Pedestrians are the most exposed to accidents considering that the majority of motorists exclude them as road users. In this study, object detection using Mask Region-Based CNN and instance segmentation was applied to a pedestrian crosswalk. Training was done using Mask R-CNN for object detection with ResNet-101 backbone, with 0.001 learning rate and 2 images per GPU during 30 epochs of 100 batches. Based on the study, 500 pedestrian crosswalk images were gathered and selected for validation and training. 80% of the images are for the training set and for the validation set is 20%. Another 30 pedestrian crosswalk testing images were gathered for the model evaluation to verify the trained model stability and reliability. All 30 testing images had been detected and the accuracy of the detections is greater than 97%. If there is 2 or more pedestrian crosswalk in an image, it will make the color of MASK different to each detection. The summary test results verified that all gathered data was higher than 97% to be able to detect a pedestrian.

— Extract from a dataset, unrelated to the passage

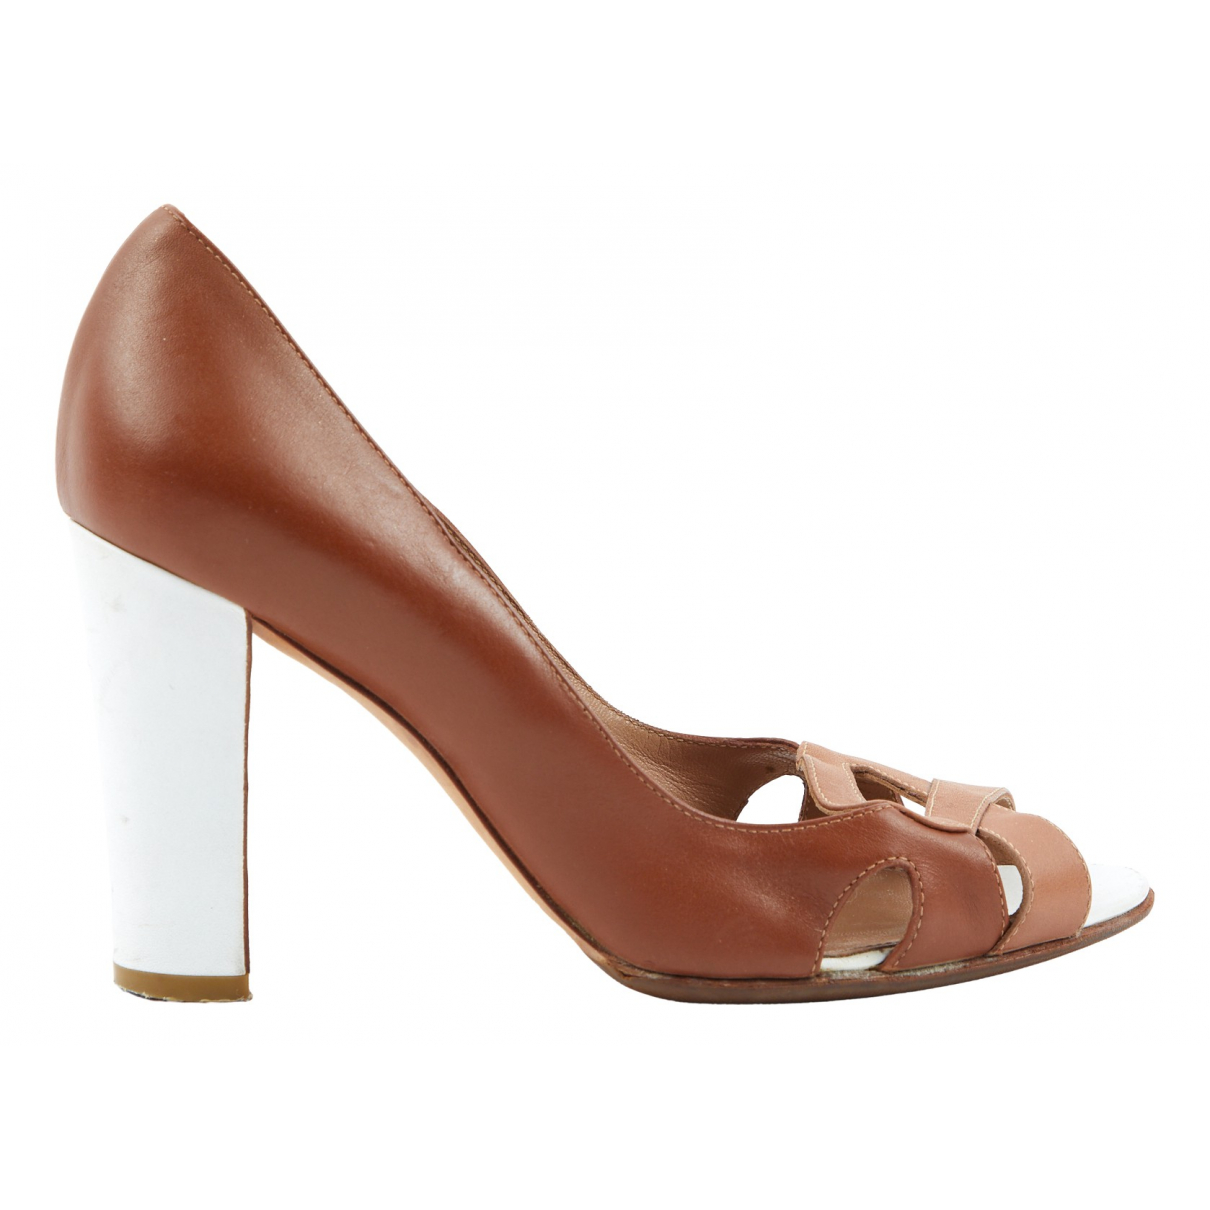 Sergio Rossi N Brown Leather Heels for Women 36 EU

With this, the proposed framework can detect pedestrian crosswalks using MASK Region-Based Convolutional Neural Network.
MASK R-CNN用于人行横道检测和实例分割
行人是最容易发生意外的人士,因为大多数驾驶人士不把行人视为道路使用者。本研究将基于Mask区域的CNN目标检测和实例分割技术应用于人行横道。使用Mask R-CNN进行目标检测训练,使用ResNet-101主干,学习率为0.001,每个GPU在100批次的30个epoch中获得2张图像。在此基础上,收集了500张人行横道图像并进行了验证和训练。80%的图像用于训练集,20%用于验证集。另外收集30张人行横道测试图像进行模型评价,验证训练好的模型的稳定性和可靠性。30张检测图像全部检测成功,检测准确率大于97%。如果一个图像中有2个或更多的人行横道,它会使MASK的颜色不同于每次检测。总结测试结果证实,所有收集到的数据都高于97%,能够检测到行人。在此基础上,本文提出的框架可以使用基于MASK区域的卷积神经网络检测人行横道。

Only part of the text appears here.